Friday, January 28, 2011

Underweight Baby Emmeline

Oh dear me.
So we went to the paediatrician today for Emmeline’s 6 month visit. I thought that everything was fine except for the fact that she has had gastro/diarhea or about 12 days (she is slowly recovering and is having fewer poo’s). She was supposed to have her 6 month vaccinations but since she was still sick, the paediatrician said that she couldn’t get her vaccinations. I am not surprised at all! Not because Emmeline is sick if not for the fact that we have had one problem or the other every single time that we have had to get vaccinations! It has been a nightmare and also quiet funny looking back on the whole experience! So no vaccinations, no surprise!
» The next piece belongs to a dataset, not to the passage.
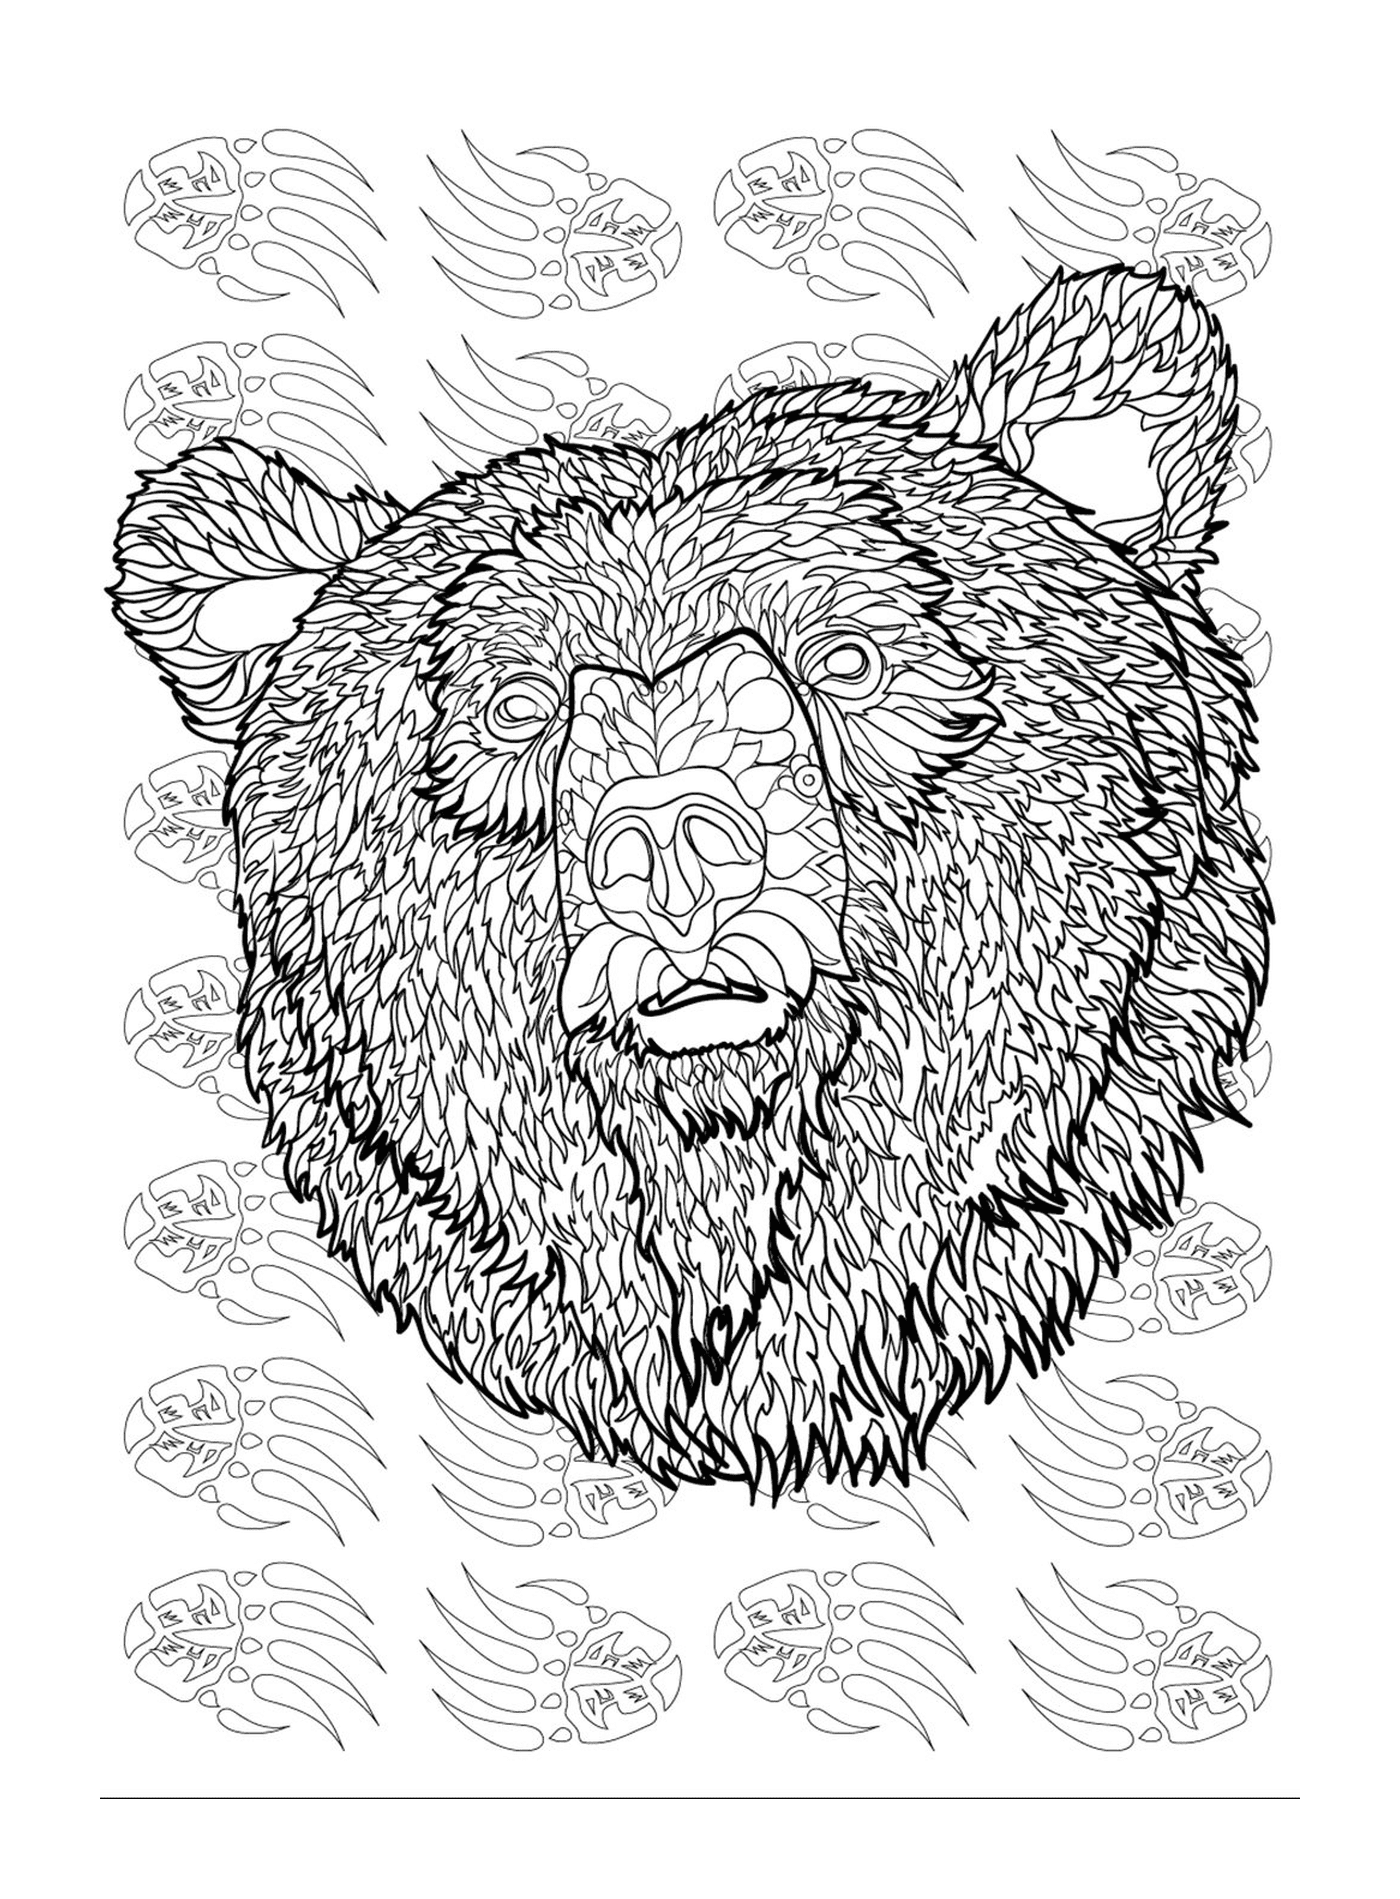  La cabeza de un oso

I explained to the paediatrician that as Emmeline had been sick and pooing so much, I could feel that she had lost weight. I told her that I did not know exactly how much, but I could feel and I could see that she had lost weight. The paediatrician put Emmeline on the scale and was a bit shocked. Emmeline now weighs less than she did at 4 months! She weighed 6.250 kg’s (13.8 pounds) at four months and today she weighs 6.150 kg’s (13.6 pounds)!! And she has only grown 1 cm in 2 months! I asked if that was because she had 12 days of pooing so much. The doctor explained that that would account for some of the weight loss, but not for all of it. She asked if I still have milk. Yes, I do. She said that it could be that I either don’t have too much milk, or that I have the quantity but not the quality, or maybe Emmeline has a very high metabolism (her daddy does, so maybe?), but she did appear to be a bit concerned about it. It would also explain why she has only grown 1 cm on 2 months (and perhaps why she is still wearing 0-3 month’s shoes and clothing)! We are about to start on solids, so she has given me the little menu of what to introduce and when and has schedule a control of her weight for 1 months time to see if Emmeline has put on weight and grown a little more. I do hope so because that is a little worrying! The ironic thing in that when we went for her 4 month visit, I asked the paediatrician about maybe giving Emmeline a bottle with cereal in the evenings to fill her up and help her sleep longer. She said no as Emmeline was a little ‘gordita’ (a little fatty in an affectionate way!)
The thing is that now I am filled with all this self doubt! Did I have enough milk? When I thought that it was cute when Emmeline would launch herself at my boobs like a little puppy was it actually because the little thing was starving? When I put her in her crib to sleep and she would cry, was it because she was starving? But then I think no, she has always been a happy baby, and if she was starving, she would have let me know about it, she would have screamed blue murder at me! Even now when I am feeding her, I keep asking myself ‘is she getting enough? Is there milk there for her?’ This is not helped by the fact that I am trying to express milk to mix with her baby cereals so that I don’t have to give her formula milk, and to be honest, I am not getting too much milk out at the moment. It is making me quite paranoid actually. I feel a little bit like a failure to be honest! I feel like maybe I have not been looking after my little girl properly and yet I feel that have been doing everything that I can!
All that I can hope is that Emmeline doesn’t give us too much of a problem when we start with the baby cereals and solids and that she starts to put on weight and become a chubby monkey. If she has a fast metabolism like her daddy, no problem and perhaps better for her than mommy’s slow metabolism (I simply think about chocolate and I gain weight), but she needs to start to put on weight now!